Which leads to the obvious question. What is implicit parallelism?
If you bring up the term around PL geeks, you might get a few questioning looks and some comments that hint at automatic loop parallelization. Even more confusingly, this second kind of parallelism is sometimes referred to as automatic parallelism. It refers to taking sequential codes and reasoning about where parallelism could occur without changing any results. Implicit parallelism is a more holistic approach - what if the only sequentiality in your program comes from the data dependencies? Then the rest, it stands to reason, can be done in parallel.
I mentioned this as an audacious effort. The first and foremost reason, to my engineering mind, is how in the world will you make this efficient? I can just imagine the compiler identifying tens, perhaps even hundreds, of tiny tasks that can be done in parallel at any one timeslice. How do we schedule these tasks in such a way we don't pay a high overhead for synchronization and task switching?
I haven't dug into the implementations of the languages yet to see how they address this issue, but as I was brainstorming this morning it hit me. Implicit parallelism isn't so different from implicit (or automatic) memory management. When garbage collectors first came out, they weren't the lean mean things they are today. That's part of the advantage of having decades to polish an approach, and now fewer and fewer applications programmers use languages that don't have gc support. It saves more headaches than it causes, and that's generally a winning combination.
Not always, of course. The HPC community has regularly shunned gc in their languages, where high performance codes are hand-tuned Fortran or C with manual memory management. Still, I would argue that HPC is boutique, a cottage industry focused on maximal efficiency.
Most everyday programmers don't need these levels of efficiency, and I imagine, will instead opt for automatic support for parallelism. This saves them the headache of separately tuning for the same application to run comfortably on either 16 or 128 cores. From the consumer's point of view, this is also a win. Buying that new 256 core machine actually will make these apps run faster.
Some final thoughts
Perhaps it's time to focus on introducing more forms of automatic and implicit parallelism into our programming languages and runtime systems.
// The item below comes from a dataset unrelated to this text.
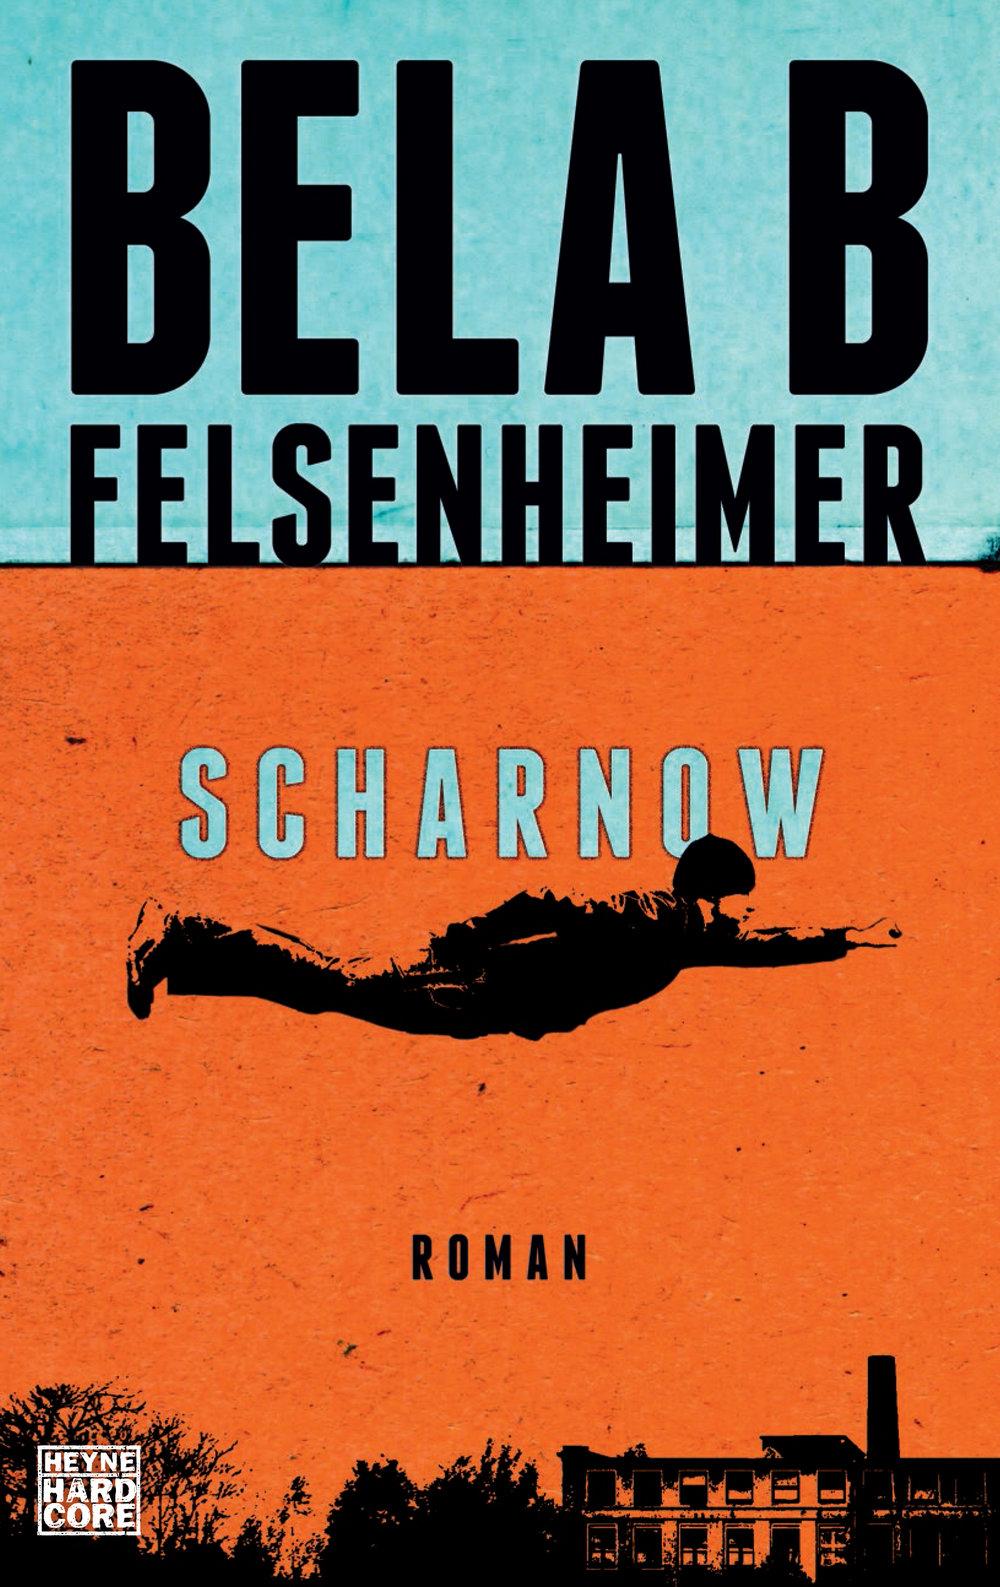 """SCHARNOW - In Scharnow, einem Dorf nördlich von Berlin, ist der Hund begraben. Scheinbar. Tatsächlich wird hier gerade die Welt gewendet: Schützen liegen auf der Lauer, um die Agenten einer Universalmacht zu vernichten, ein mordlustiges Buch richtet blutige Verheerung an, und mittendrin hat ein Pakt der Glücklichen plötzlich kein Bier mehr. Wenn sich dann ein syrischer Praktikant für ein Mangamädchen stark macht, ist auch die Liebe nicht weit.""""Scharnow"""", der Debütroman von Bela B Felsenheimer, erscheint am 25. Februar 2019 als gebundenes Buch, Hörbuch (gelesen vom Autor) und eBook bei Heyne Hardcore und ist überall vorbestellbar.SCHARNOW IST ÜBER(ALL)LESEREISE 201919.03.19 - Dresden - Scheune - TICKETS HIER20.03.19 - Halle - Objekt 5 - AUSVERKAUFT20.03.19 - Halle - Objekt 5 - ZUSATZLESUNG21.03.19 - Leipzig - Werk 2 - TICKETS HIER25.03.19 - Erfurt (Location folgt)27.03.19 - Münster - Cineplex - TICKETS HIER28.03.19 - Köln (Location folgt)29.03.19 - Essen - Zeche Carl - AUSVERKAUFT29.03.19 - Essen - Zeche Carl - ZUSATZLESUNG31.03.19 - München - Münchner Volkstheater - TICKETS HIER03.04.19 - Mannheim - Alte Feuerwache - TICKETS HIER05.04.19 - Berlin - Pfefferberg Theater - AUSVERKAUFT05.04.19 - Berlin - Pfefferberg Theater - ZUSATZLESUNG AUSVERKAUFT08.04.19 - Frankfurt a. M. - Mousonturm - TICKETS HIER09.04.19 - Bremen - Modernes - TICKETS HIER10.04.19 - Hamburg - Uebel und Gefährlich - RESTTICKETS HIER… weitere Termine folgen. Mehr Infos hier."""

Our early attempts, taking from the experiments of the past could kick it off, and once industrial interest has turned to it, I'd expect steady progress in efficiency (just like we've seen in gc).
Is there some practical limit to the amount of parallelism in code? There's a tension between Amdahl's law, that maximum speedup through parallelism is limited by the amount of sequential code, and Gustafson's law, which says that the increased computing power lets us tackle larger problems. To continue to gain we may have to change how we approach problems, or even reframe the problems themselves.